**Requirement:**
Print all the data below exactly, without images.

**Given data:**

-------

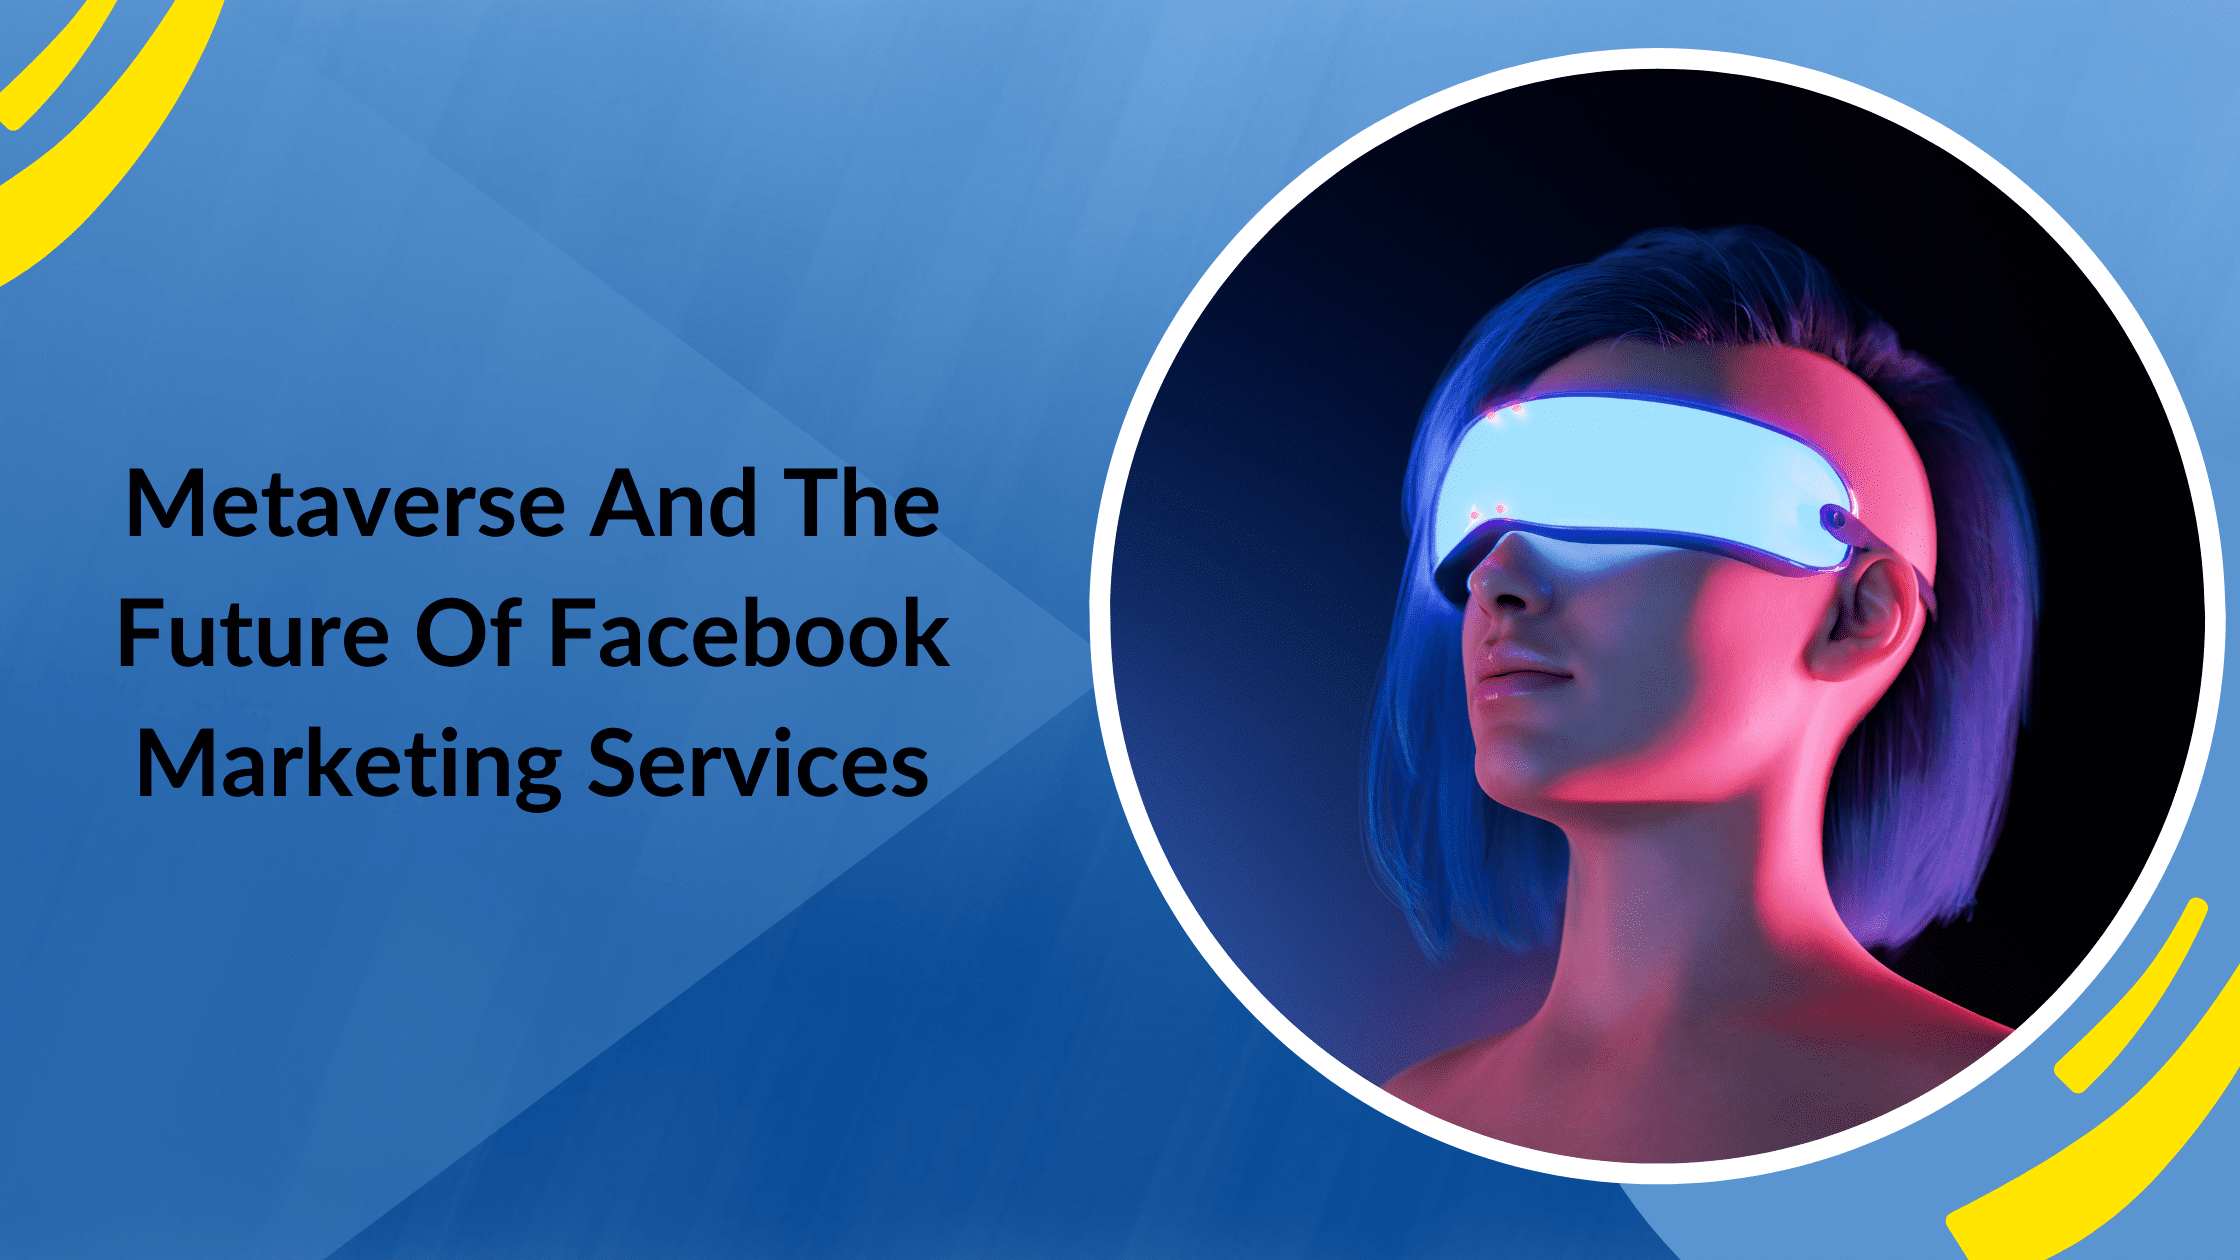 Metaverse And The Future Of Facebook Marketing Services
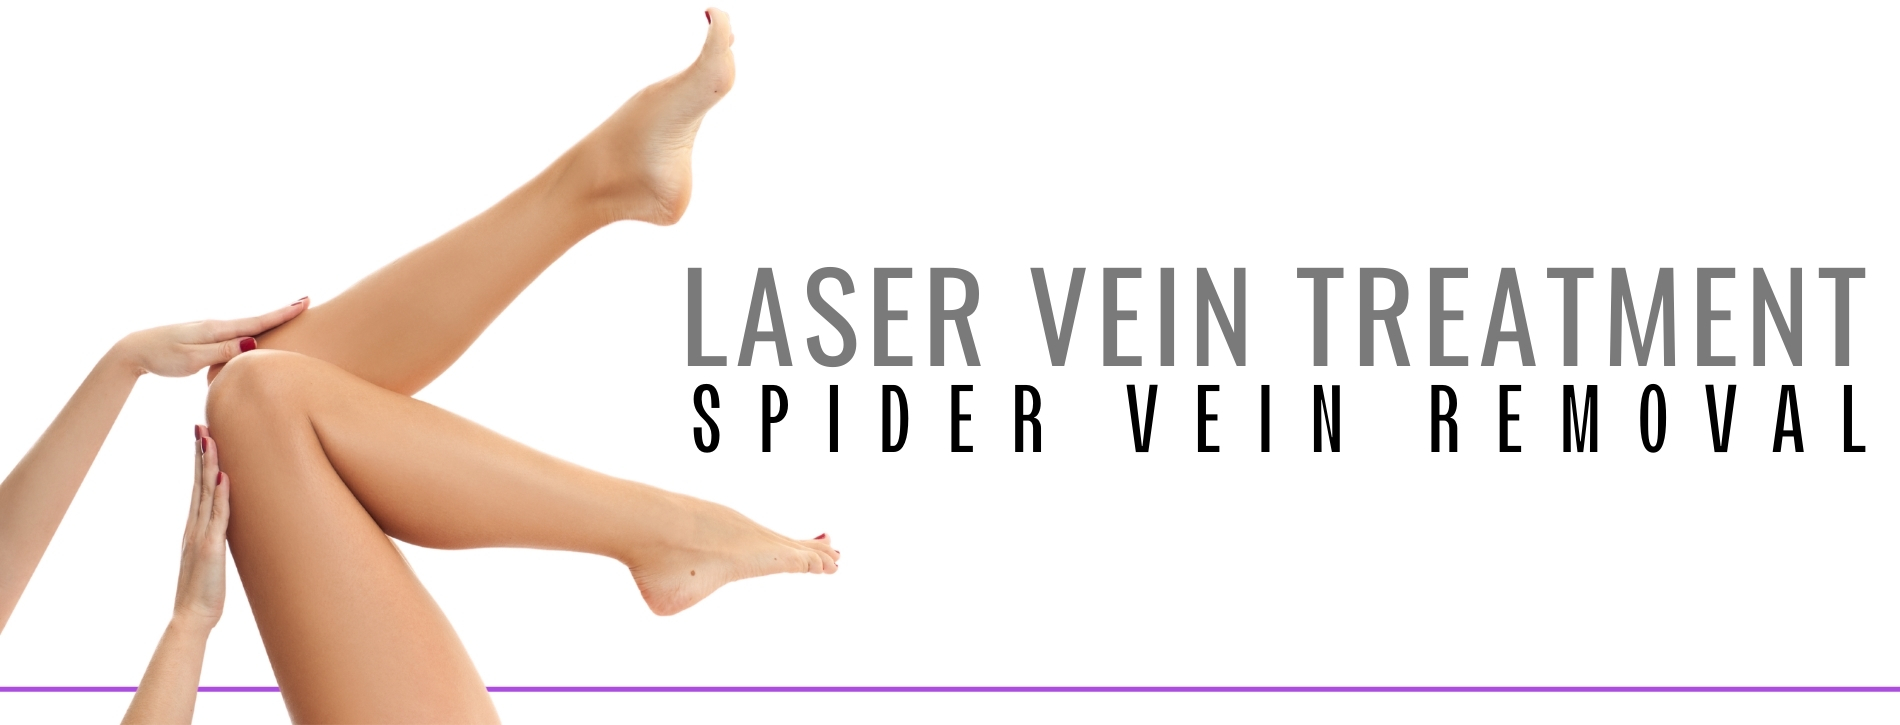 Woman's legs showing results of spider vein removal from laser vein treatment.
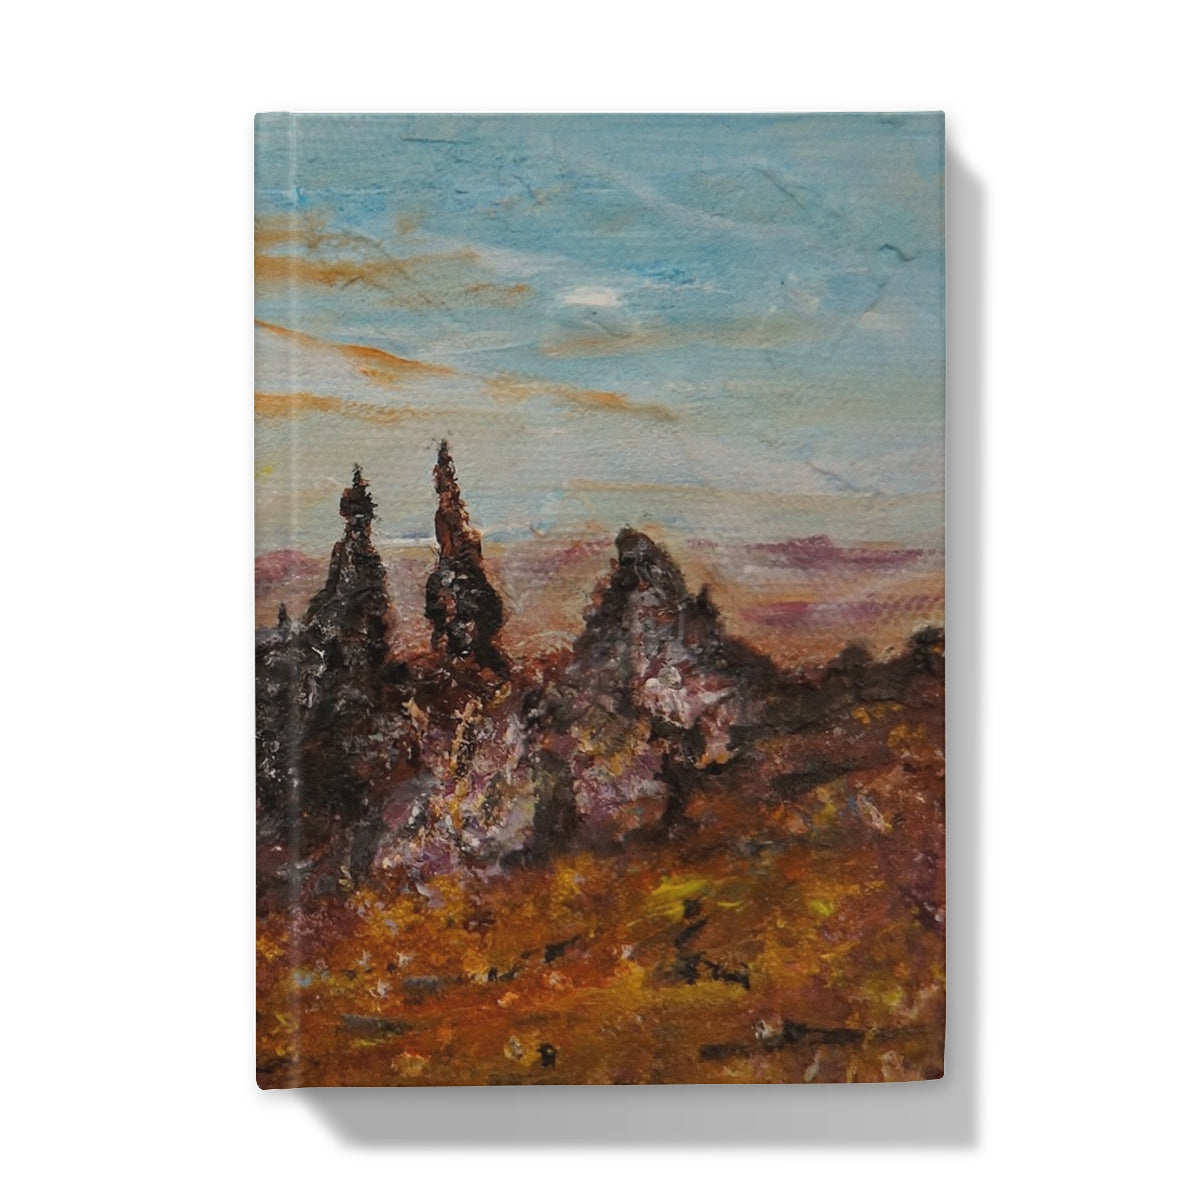 The Old Man Of Storr Skye Art Gifts Hardback Journal-Journals & Notebooks-Skye Art Gallery-A5-Lined-Paintings, Prints, Homeware, Art Gifts From Scotland By Scottish Artist Kevin Hunter

-------

**Response box:**
 Metaverse And The Future Of Facebook Marketing Services
 Woman's legs showing results of spider vein removal from laser vein treatment.
 The Old Man Of Storr Skye Art Gifts Hardback Journal-Journals & Notebooks-Skye Art Gallery-A5-Lined-Paintings, Prints, Homeware, Art Gifts From Scotland By Scottish Artist Kevin Hunter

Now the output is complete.